Using the sequence information as shown in Table 3 and Table 4 below, the synthesis of genes used as a template for amplifying target genes of Mycobacterium tuberculosis and non-tuberculosis antibacterial bacteria was performed. Each gene synthesis was carried out using a gene synthesis service of Bioneer (Daejeon Metropolitan City, Korea), and the synthetic genes of Mycobacterium tuberculosis and non-TB tuberculosis were quantified and prepared at a concentration of 10 ² to 10 ⁵ copies / μL. .

Synthetic gene sequence information of Mycobacterium tuberculosis (SEQ ID NO: 5) Mycobacterium tuberculosis (nucleotide positions, 37418-37498, CP019613.1) GAGACGATCAACGGCCTATACAAGACCGAGCTGATCAAACCCGGCAAGCCCTGGCGGTCCATCGAGGATGTCGAGTTGGCC

Sequence information of synthetic gene of non-tuberculosis antibacterial bacterium (SEQ ID NO: 6) Mycobacterium avium subsp. avium (nucleotide position, 165-303, KU861849.1) CAGAAGCGCAAGATCTCCGACGGTGACAAGCTCGCCGGCCGGCACGGCAACAAGGGCGTCATCGGCAAGATCCTGCCGCAGGAGGACATGCCGTTCCTGCCGGACGGCACGCCGGTGGACATCATCCTGAACACCCACG

Example 4 Preparation and Gene Amplification of Primer for Target Gene Amplification for Detection of Mycobacterium Tuberculosis and Non-tuberculosis Acid Bacteria

Primers for specifically amplifying tuberculosis bacteria and non-tuberculosis acidophilic bacteria were designed to select homologous portions of the IS6110 gene sequence and the rpoB gene sequence and to have similar Tm values so that experiments could be performed under the same amplification conditions. Analysis of the Tm value for the selected primer sequence was performed using oligoanalyzer 3.1, a web-based program provided by IDT (INTEGRATED DNA TECHNOLOGIES). Detailed primer sequence information is shown in Table 5 below.
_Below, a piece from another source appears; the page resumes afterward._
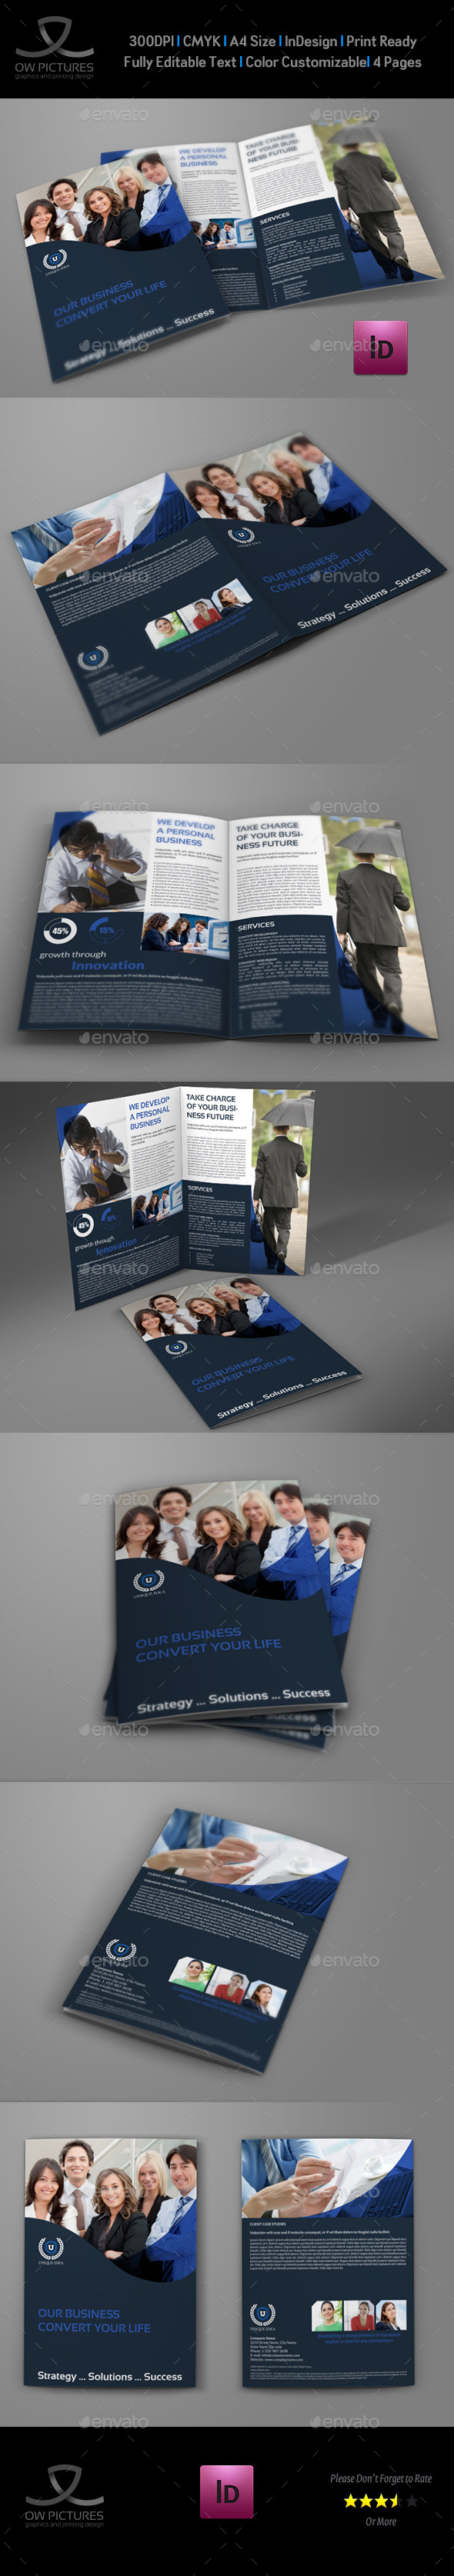 Company Brochure Bi-Fold Template Vol.36 - Corporate Brochures

Primer sequence information for detection of Mycobacterium tuberculosis and non-tuberculosis antibacterial bacterium (R = A / G) SEQ ID NO: designation Sequence (5 '→ 3') Length % GC Tm size One TB forward primer GAGACGATCAACGGCCTATAC 21 52.4 54.8 81 bp 2 TB reverse primer GGCCAACTCGACATCCTC 18 61.1 55.6 3 NTM forward primer CAGAAGCGCAAGATCTCCGA 20 55 57.2 139bp 4 NTM reverse primer CGTGGGTGTTCARGATGATGTC 22 52.3 56.9

  The primers of SEQ ID NO: 1 and the primers of SEQ ID NO: 2 are forward primers and reverse primers for specifically amplifying target genes of Mycobacterium tuberculosis, respectively. The primers of SEQ ID NO: 3 and primers of SEQ ID NO: 4 are forward primers and reverse primers for specifically amplifying target genes of non-TB tuberculosis, and can amplify 139 bp of non-TB tuberculosis rpoB gene. .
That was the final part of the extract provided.